Looking for some solid data principles and tenets to guide your organization’s data decisions and the tradeoffs they have to make? Here they are, copy at will!
These tenets are derived from the principles that form the basis of many data protection and privacy laws around the world, including the European Union's General Data Protection Regulation (GDPR) and the California Consumer Privacy Act (CCPA) in the United States. It's worth noting that the specifics of these laws can vary quite a bit from one jurisdiction to another - but tenets are not laws, they’re simply guiding principles for decision making.
- "Garbage In; Garbage Out": this tenet is foundational to any data-driven initiative. Simply put, the quality of your data outputs can only be as good as the quality of your data inputs. If inaccurate or low-quality data is provided, any subsequent analytics or insights derived will be flawed. This highlights the importance of rigorous upstream data control mechanism, be it validation, testing, evolution policies and so on. As much as possible, shift responsibilities left.
- "Privacy by Design": data privacy isn’t just a nice to have, it’s a legal right in many countries, include it in your design phase. Organizations should prioritize building privacy into their data systems and processes from the onset. This means acquiring informed consent before data collection, using secure data processing methods, and ensuring that privacy safeguards are integral to your systems, not just afterthoughts.
- "Ask Why! - Data Producers": aka Data Minimization. Data collection should be purposeful and efficient, gathering only the data that is truly necessary for the task at hand. This principle guards against potential security risks and respects the privacy of individuals, while also reducing unnecessary data storage and processing costs further down the line. So ask: why do we need to collect this data?
- "Ask Why! - Data Consumers": aka Purpose Limitation. Data should be collected with a specific, explicit, and legitimate purposes in mind. Repurposing or further processing data beyond the originally stated scope should require additional consent or legal bases. Transparency about how and why data is being used also contributes to trust. So ask: why do we need to process this data?

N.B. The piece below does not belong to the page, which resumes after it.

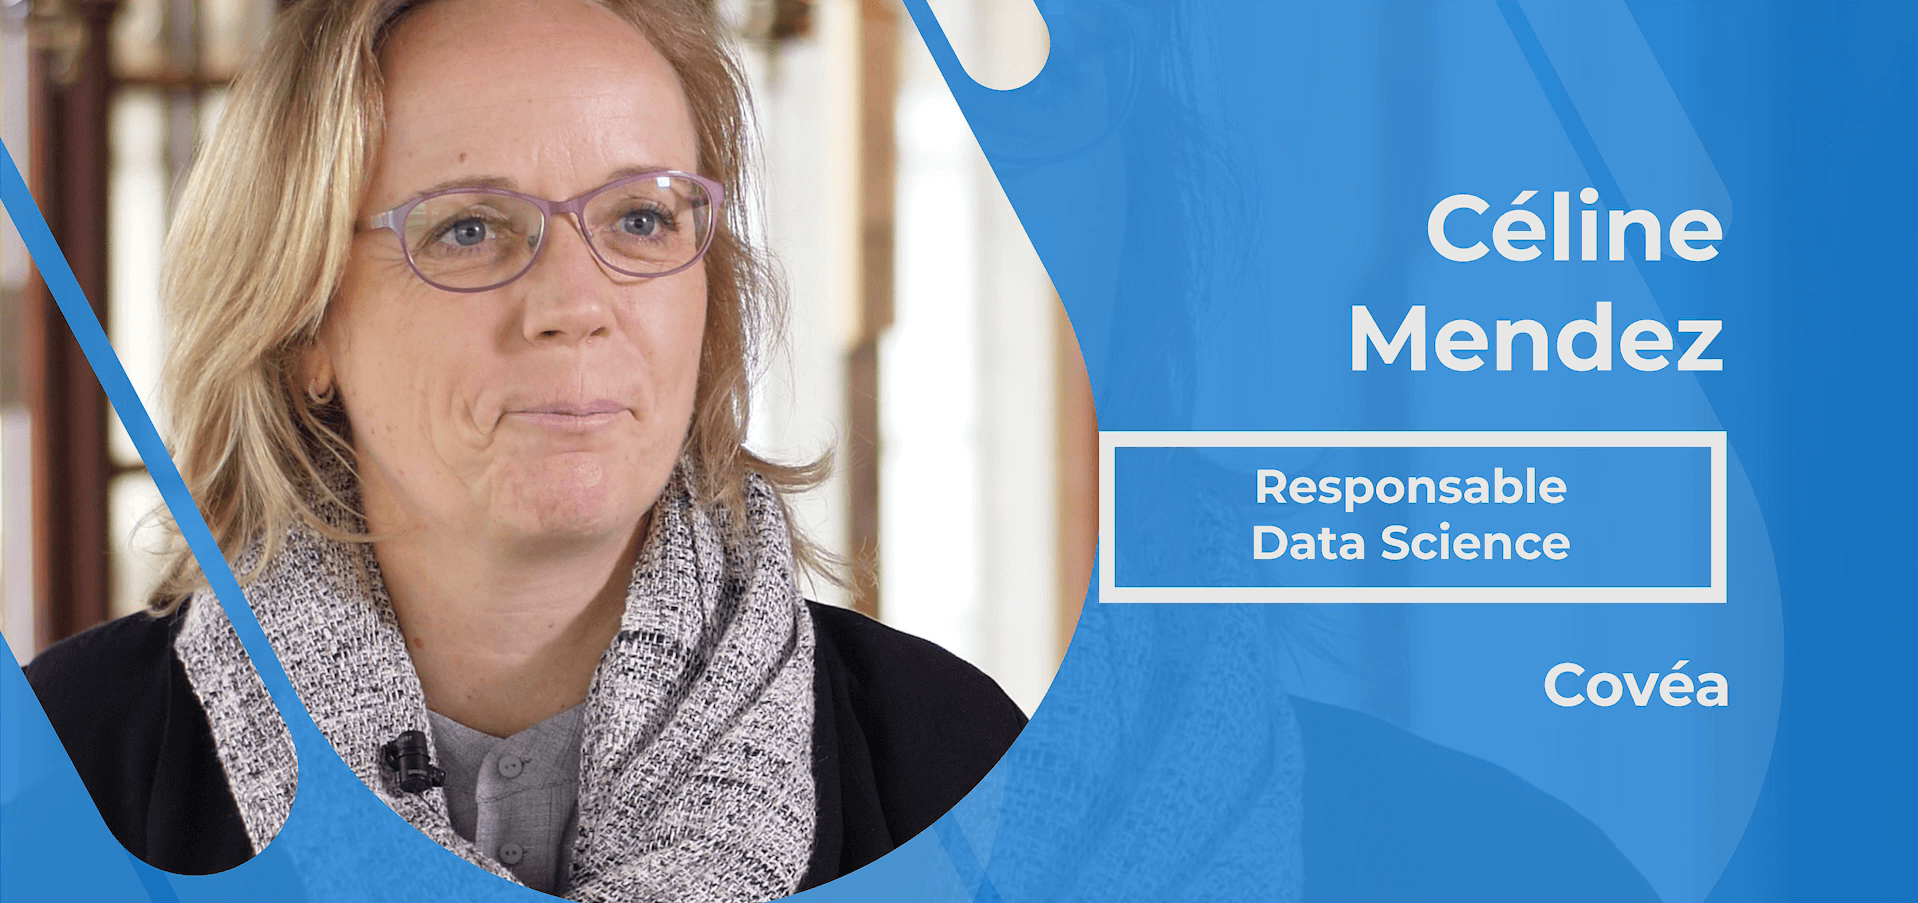 Actualités : Interview Céline Mendez - Responsable Data Science chez Covéa

- "See it; Say It": incorporating robust security measures into the design of systems and practices is paramount. Data security should never be an afterthought but should be an integral part of all data-related processes. This includes protecting against unauthorized access and data breaches, as well as ensuring data is stored securely but don’t assume they’re perfect. See something off? Say it.
- "Trust, but Verify": ensuring the accuracy, completeness, relevancy, and timeliness of data is not a nice-to-have, it’s the job. Data is only as valuable as it’s reliable, hence quality should be measured and for better results, have goals on it.
- "Two-way Door": if you are collecting information about individuals, then individuals should be able to access the information that is collected about them, why it is collected, and how it is used. Transparency is also crucial for complying with data privacy regulations and has the benefit of fostering trust between users and organizations,
- "Producer-Owner": entities or individuals who collect and process data are responsible for enforcing data principles, laws, and regulations. If missteps or breaches occur, it’s the producer’s responsibility to act on them. Demonstrating compliance with these standards and taking ownership for any mistakes along the way is fundamental for good data governance.
We use these eight tenets as a framework to guide our data organization. By following these principles, you can also ensure that your organization is not just maximizing the value of its data, but also using it in a manner that is ethical, responsible, and respectful of individual privacy. Whether you're a data scientist, a data privacy officer, or a business executive, incorporating these tenets into your organization's data strategy will contribute to a robust and trustworthy data ecosystem.